Unlike Television Explorer, there is only one dashboard option available for the GDELT AI Television Explorer for now (single search). The Television AI Explorer offers several advanced features beyond those of the Television Explorer. It allows searches using visual entities, recognizing around 12,000 distinct objects and activities via Google's Cloud Video API. It also analyzes station-provided human-transcribed closed captions through Google's Cloud Natural Language API to identify underlying concepts and topics. Additionally, it uses Automated Speech Recognition (ASR) to create more complete and accurate machine-generated transcripts, provides keyword searches of station-provided captions, and transcribes on-screen text using OCR for keyword searching.

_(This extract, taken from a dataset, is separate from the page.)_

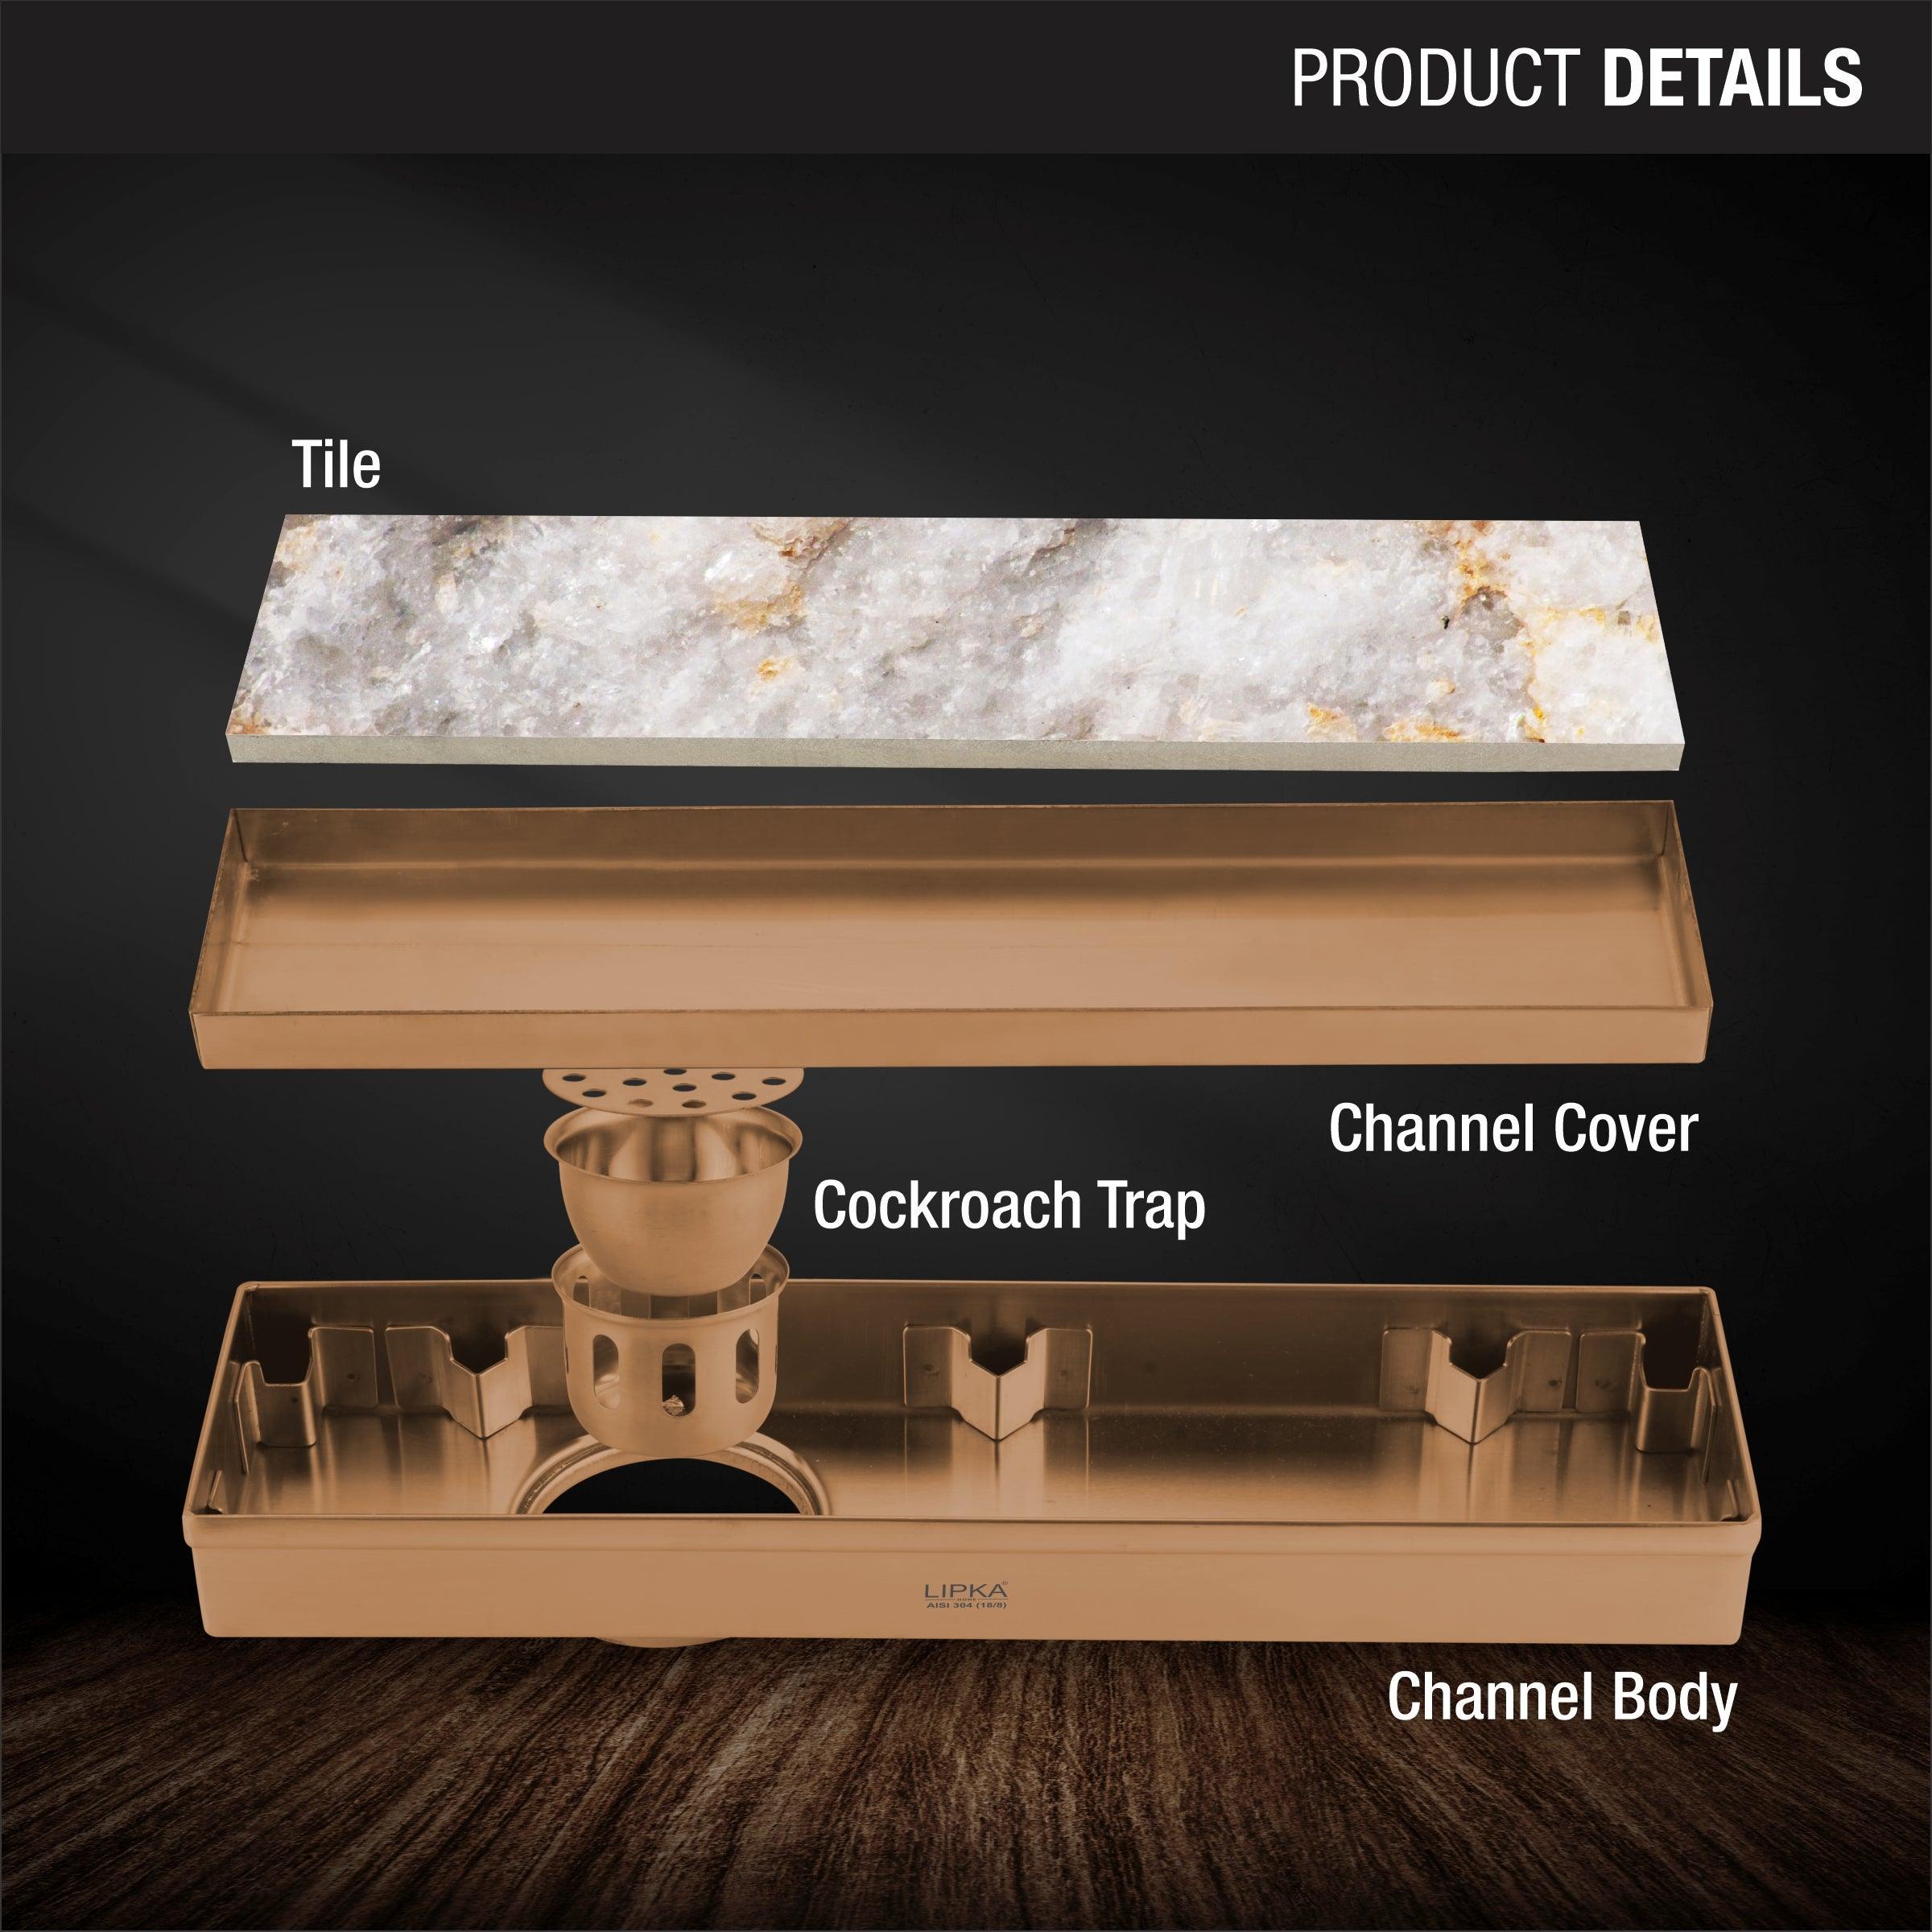 Tile Insert Shower Drain Channel - Antique Copper (18 x 3 Inches) product details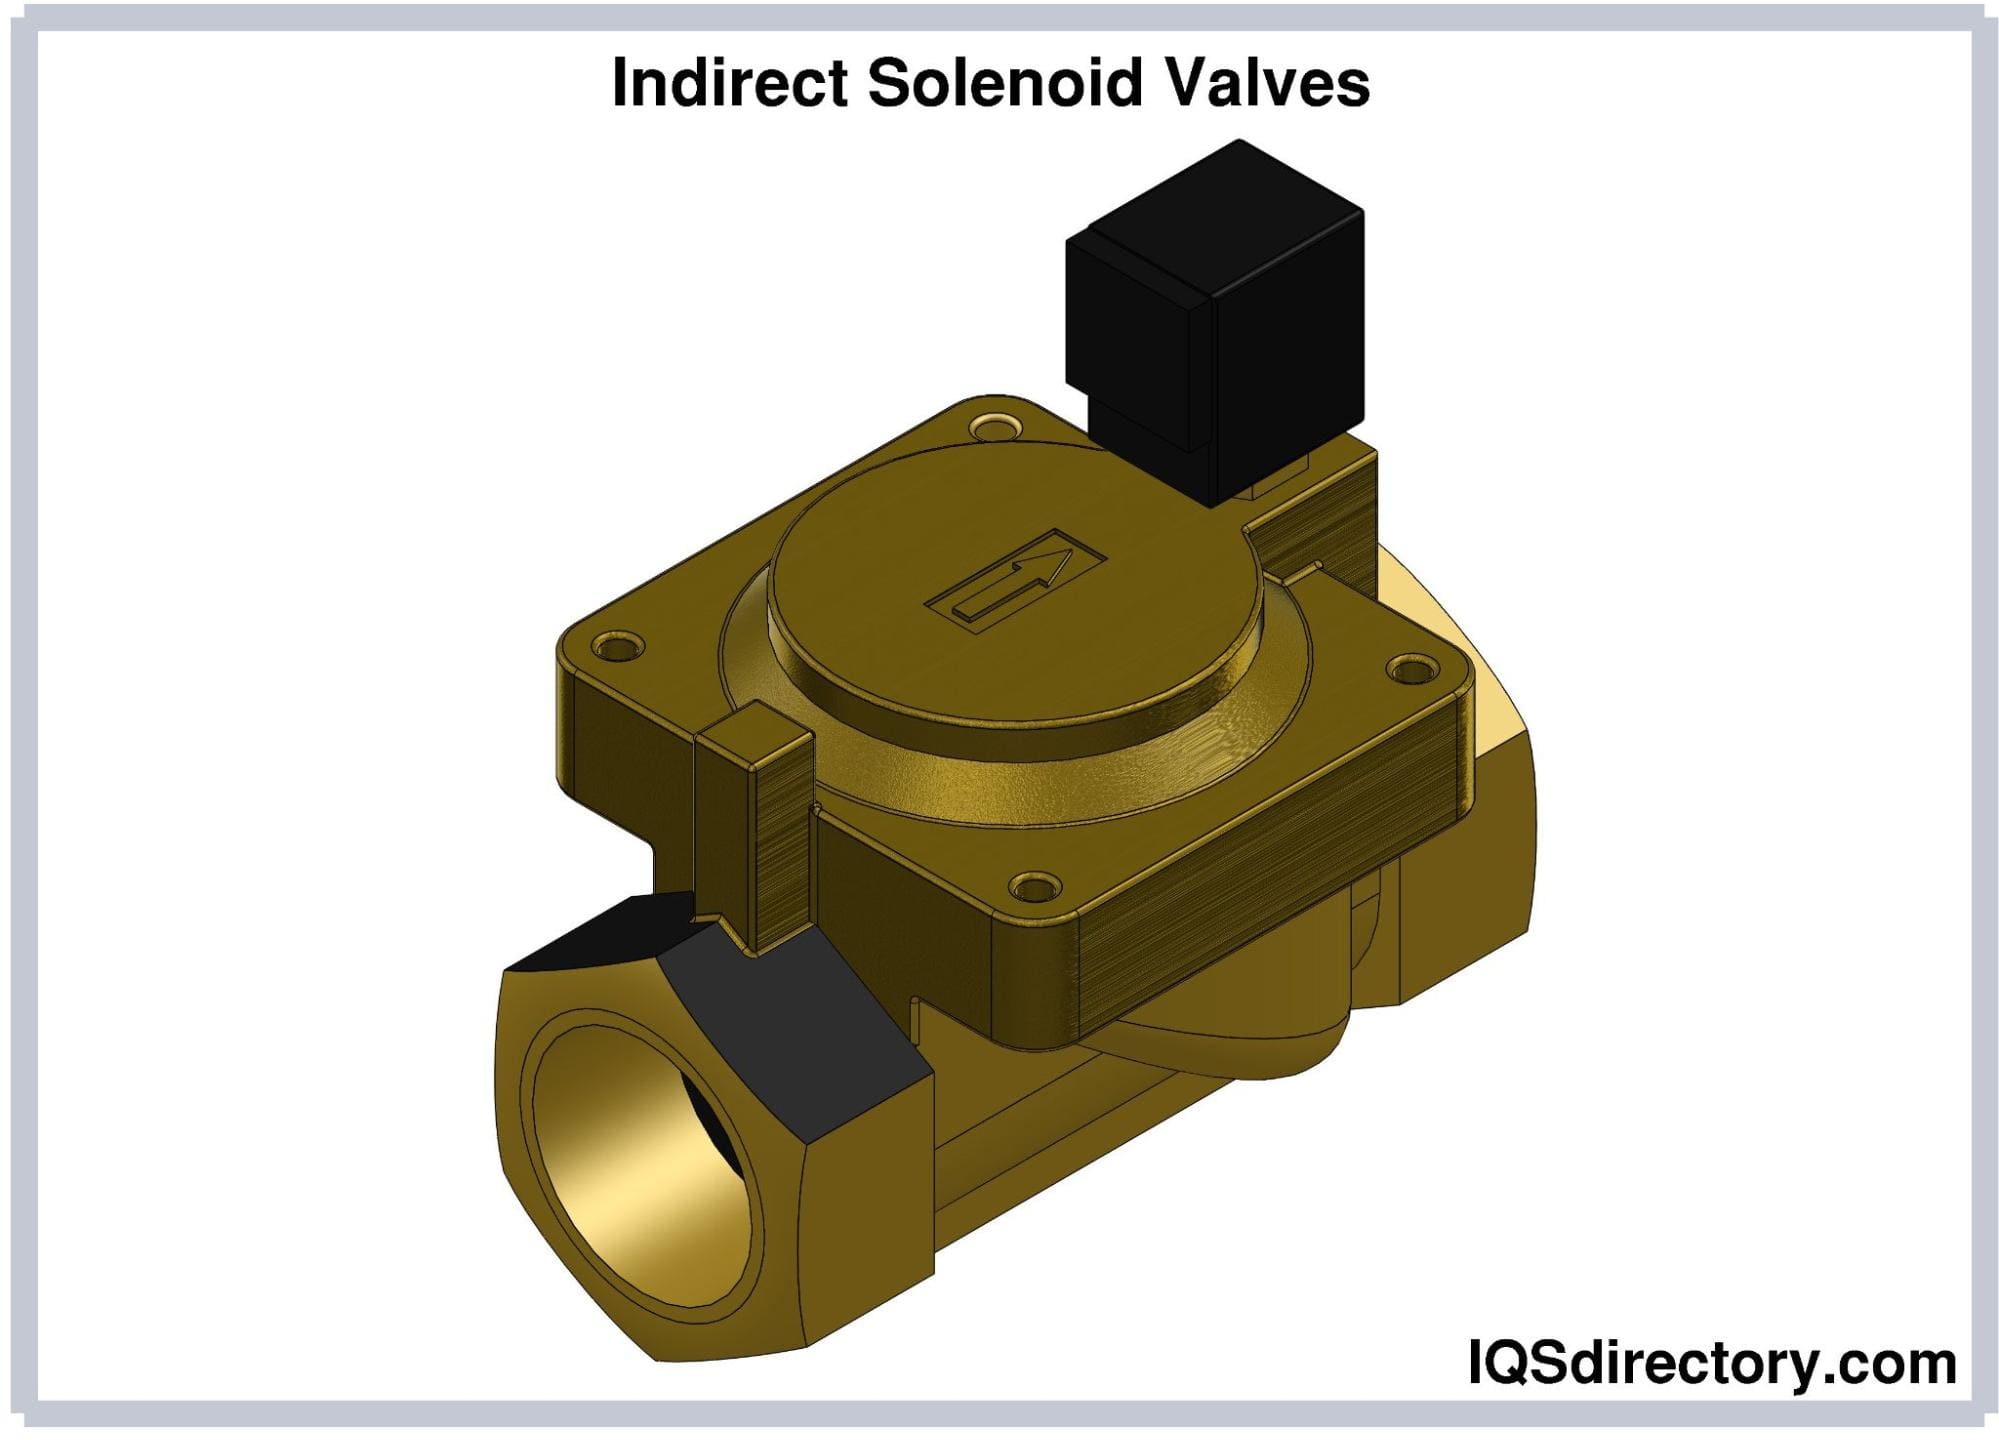 Indirect Solenoid Valves

Similar to the Television Explorer users can select from a variety of displays to summarize their results. Options include volume timelines presented as streamgraphs or heatmaps, station and show charts to gauge coverage, and word clouds showcasing key spoken words. These word clouds include ASR WordCloud for machine-generated spoken word transcripts, Caption WordCloud for human-produced spoken word transcripts, Caption NLP WordCloud for topics analyzed by Google's Natural Language API, OCR WordCloud for on screen text, and Visual WordCloud for visual entities identified by Google's Video API. Users can export these charts and word clouds in different formats: CSV, JSON, embed code, URL link, or as an image file. Additionally, users can explore the top matching seconds of airtime, providing a concise overview of relevant content. You have the option to save the top clips as a URL link, CSV file, JSON file, RSS feed, JSONFeed, or as an embed code.


For instance, if we want to search for news coverage about missing aircraft, we could look for the visual object 'aircraft' and the term 'missing' in captions and on-screen text. The visual dashboard, as shown in Figure 3, illustrates this input search for uncovering news episodes about missing aircraft. This approach can be adapted with different combinations to achieve the desired results. Figure 4 shows the visual dashboard with some output charts on the left, including a word cloud of visual entities and top clips on the right.


Figure 3: Screenshot of the visual dashboard showing the input search used to uncover news episodes about missing aircraft.


Figure 4: Screenshot of the visual dashboard displaying some output charts (left), including a visual entities word cloud and top clips (right), for the visual object search of 'aircraft' and the term 'missing' in captions and on-screen text.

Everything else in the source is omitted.